[Декабрь 1922 г.]
<…> В декабре прошлого года были закончены главнейшие работы по устройству картинной галереи Русского Музея. <…> Значительные пополнения можно видеть теперь в коллекциях произведений художников «Мира Искусства» и «Союза русских художников», и, наконец, собраны вновь выставленные в двух последних залах произведения представителей новейших течений в искусстве: Петрова-Водкина, Сарьяна, П. Кузнецова, Кончаловского, Машкова, Б. Григорьева, Гончаровой, Ларионова, Рождественского, Матвеева, Фалька, Шагала, Альтмана, Филонова, Татлина, Митурича, Бруни, Якулова, Удальцовой, Кандинского, Малевича и др. <…>
Русское искусство (М.). 1923. № 2–3. С. 73–75.

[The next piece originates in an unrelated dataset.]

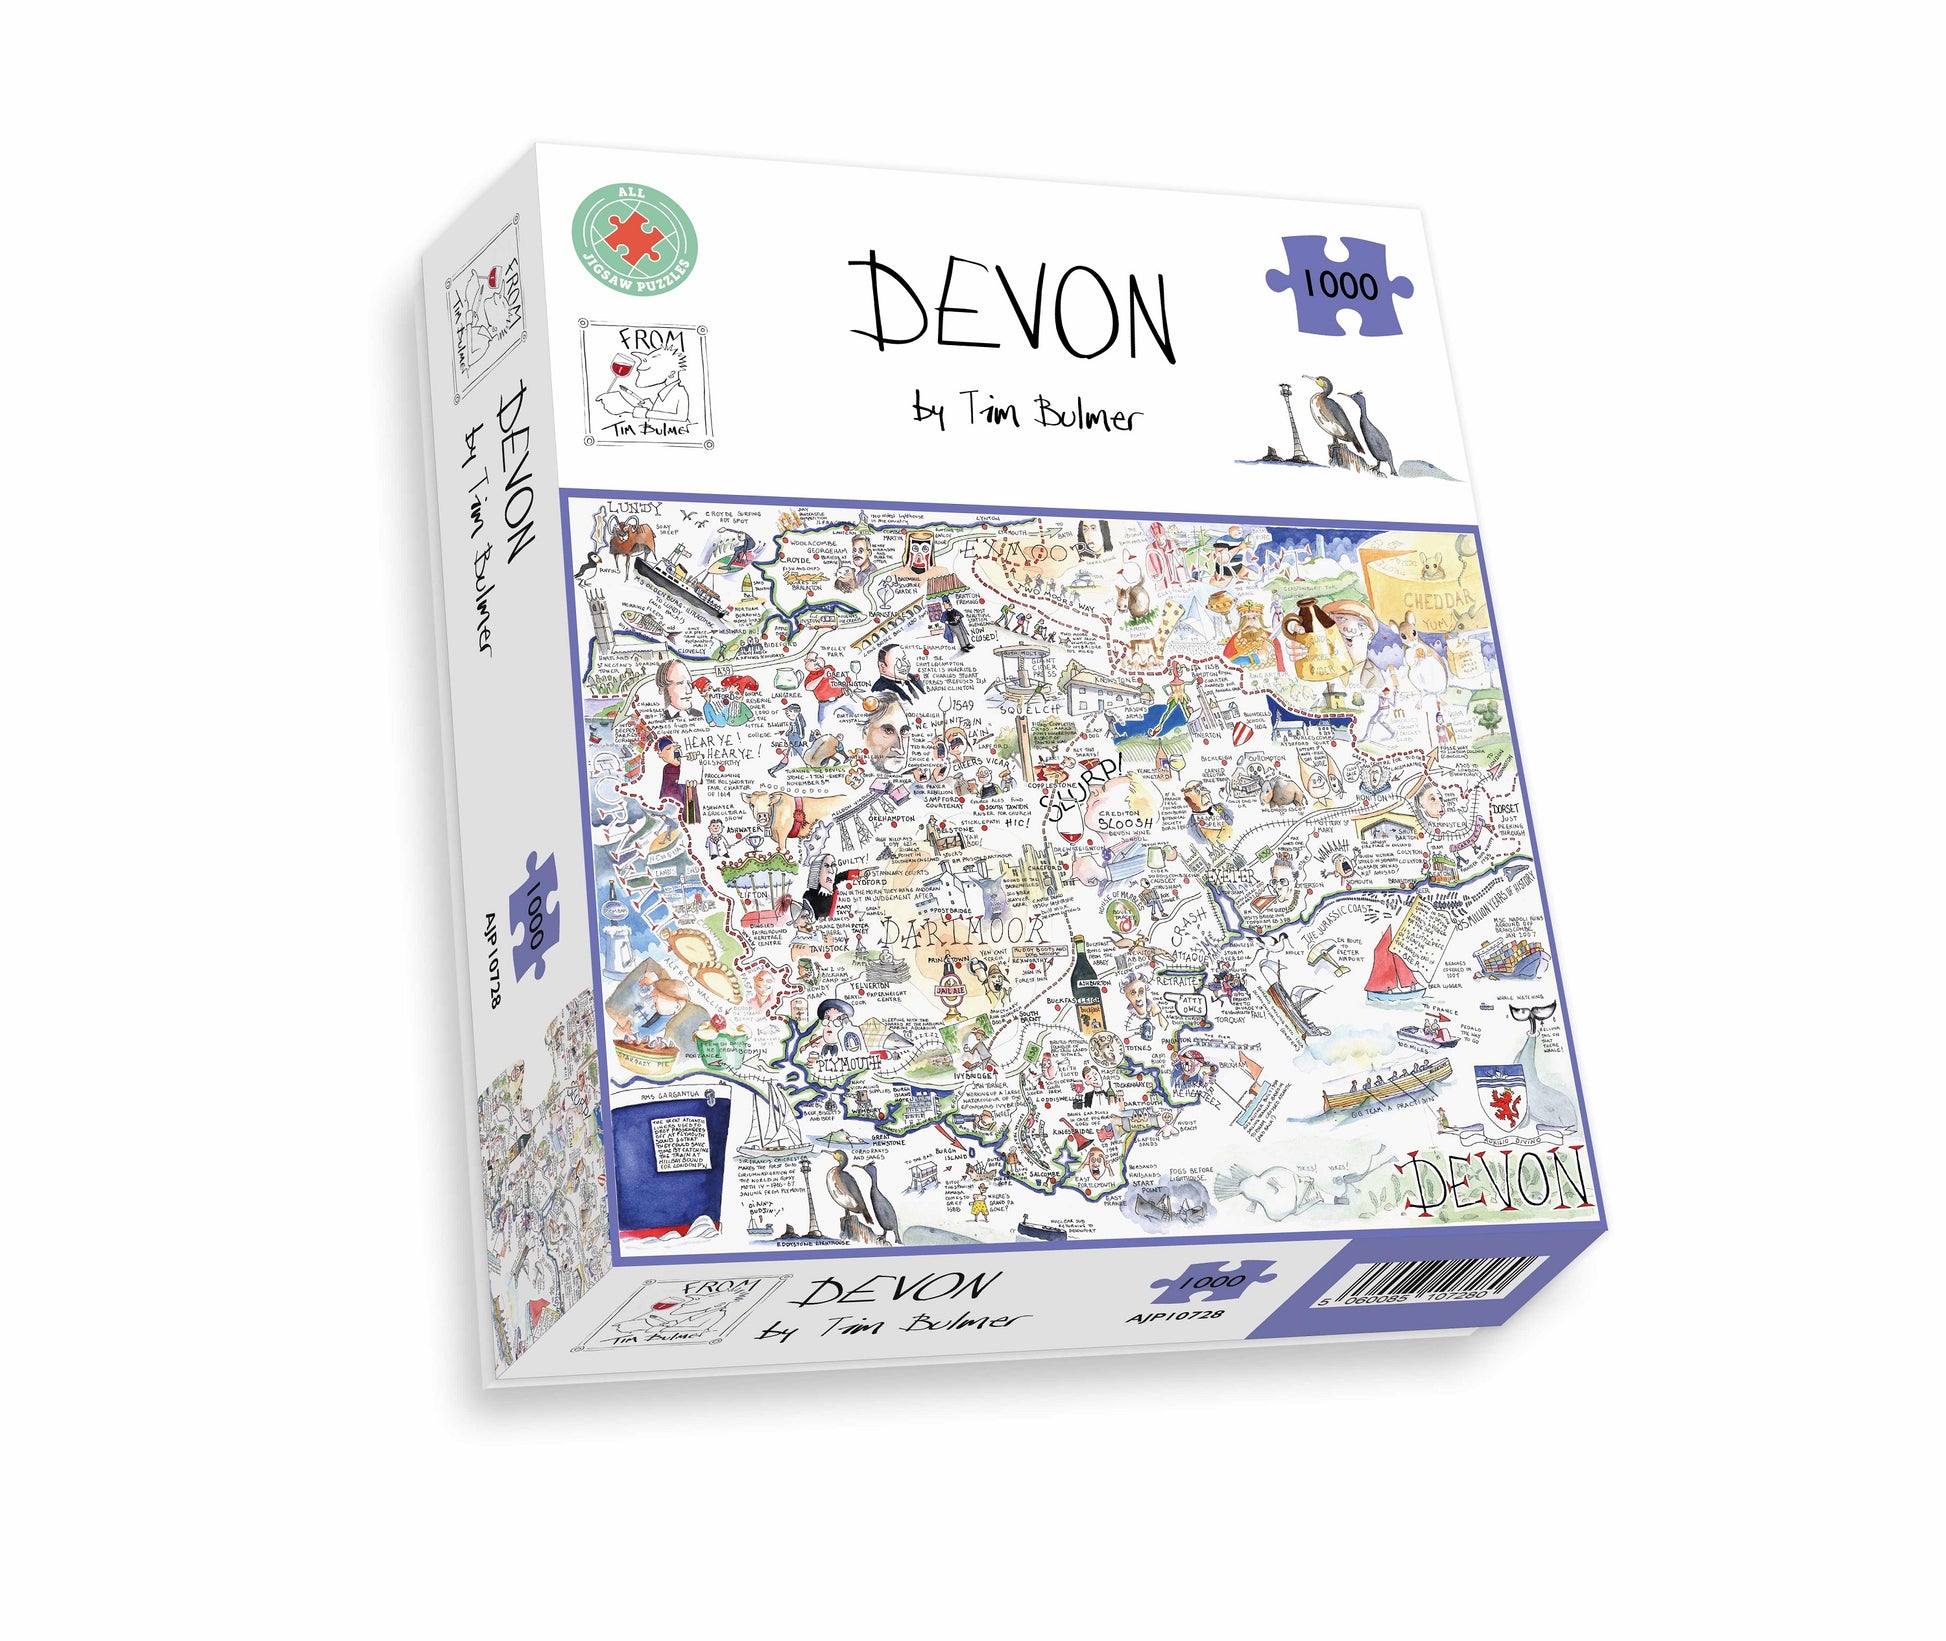 Devon - Tim Bulmer 1000 piece Jigsaw box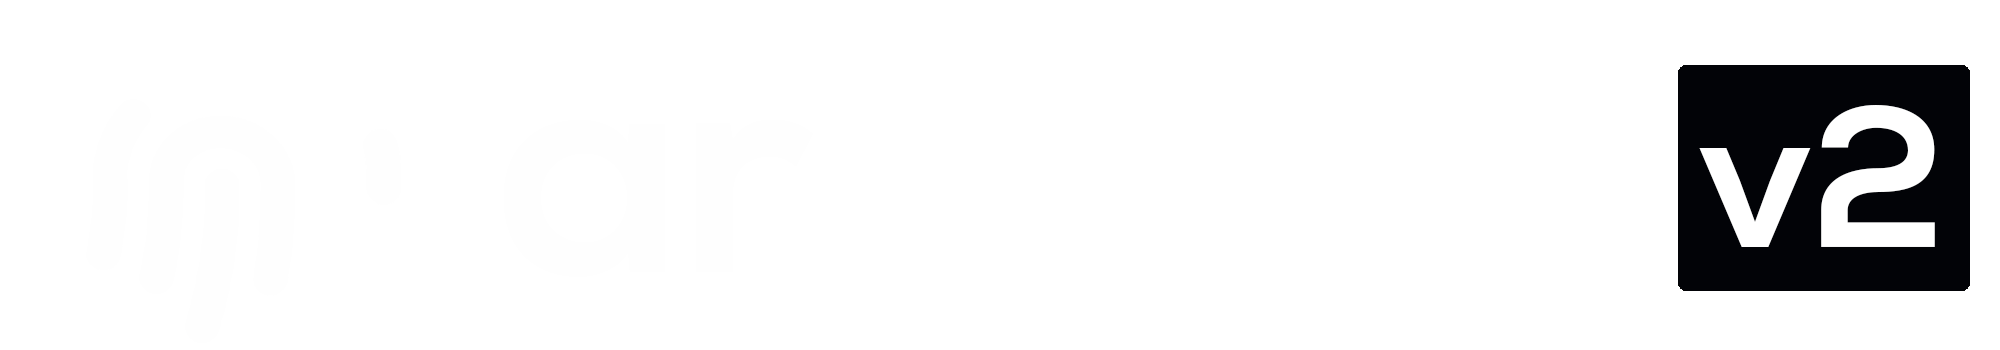 larapass-logo

П.И. Нерадовский, И.Э. Грабарь и Н.А. Околович в Государственном Руском музее. 1922
182. А. Эфрос. Из статьи «Перед раскрывающимся занавесом (К открытию сезона в Еврейском театре)»
[Ноябрь 1922 г.]
<…> О, этот еврейский театр! – Без фундамента и крыши, без границ владения и вычерченного плана! Это театр, который сам себе дед, отец и сын. Это театр, у которого еще нет ни прошлого, ни настоящего, ни будущего, и который должен сам создать себе и прошлое, и настоящее, и будущее. Это театр, который должен жить разом в трех измерениях времени. Это театр без традиций, но долженствующий сотворить себе линию истории; это театр без современности, но долженствующий быть на самом острие текущего театрального искусства; это театр без перспектив, но долженствующий отлить форму грядущему. Вот почему выбирать здесь не дано. Здесь нельзя одно предпочитать другому. Здесь ничтожнее, чем где-либо, разговоры о направлениях. Здесь можно либо быть в центре еврейской «сцены» – либо же быть совсем вне ее. Сосуществовать кому-то с кем-то здесь нельзя; здесь место хватает только для чего-либо одного, и мерило здесь тоже одно. Оно таково: что перед нами? Театр ли всех измерений времени? – «Театр трех времен», творящий из своего «сейчас» одновременно и вперед, и назад? Говорящий разом триединым голосом истории, действительности и будущности? Если да, каким бы он ни был по составу, по качественности, по величине, – он центр, он регулятор, он законодатель, он история, как бы мало ни признавал это племенной обыватель, каких бы модных или доступных любимцев он ни создавал себе на стороне, и куда бы ни отвлекали его чужие указательные персты. <…>
В этом отношении его роль напоминает роль Шагала в области изобразительного искусства, несмотря на совершенную полярность художественных темпераментов, экстатика Шагала и мозговика Грановского. И недаром Шагал впервые вступил на сцену именно в Еврейском Театре, – недаром именно с этой сцены он разлил широко кругом свои театральные формы, которые, как и все остальное его искусство, затем стали своего рода общеобязательными образцами, повлиявшими в самом существенном и на разработку персонажей «Колдуньи» у Рабиновича, создавшего в своих костюмах блестящие «вариации на Шагаловские темы»159.
Сцена из спектакля «Мазл-тов» по Шолом-Алейхему. Сценография М. Шагала. ГОСЕКТ, 1921
Сцена из спектакля «Колдунья» по А. Гольдфадену. Сценография И. Рабиновича. ГОСЕКТ, 1922
Давая выражению обратный ход, можно сказать, что Шагал – «художник трех времен» как Госект – «театр трех времен». Шагал также вобрал в свое искусство традиции национальной старины, модернизм сегодняшнего дня и зачатки будущего. Он протянул нити назад, вглубь, к прошлому – вплотную к самым коренным, исконным, живым обликам старо-еврейского быта и привел их со всем живым и мертвым инвентарем, со всей долгополостью и длиннобородостью, каноничностью и чудачеством, обыденностью и фантастикой, на свои картины, как Госект в «Колдунье» – на театральные подмостки. Но в художественном языке своих картин Шагал столь современен, что идет в первом ряду всеевропейских мастеров левого искусства, а его отношение с будущим определяется той печатью, какую он наложил на громадный ряд молодых художников, и притом на многих из тех, которые ныне столь спешат отречься от него. <…>
Театр и музыка (М.). 1922. № 9. 28 ноября. С. 110–111.
Оригинал: ОР РГБ. Ф. 599. 5. 12. Л. 1–3. Машинопись с авторской правкой. В оригинале статья названа «Театр трех времен» (К открытию сезона в Еврейском Камерном Театре)» и датирована 20 ноября 1922 г.
183. Из издания «Программа и либретто Еврейского камерного театра с 21-го по 31-е декабря [1922 года]»
Дневник театра
2-го декабря состоялось открытие сезона.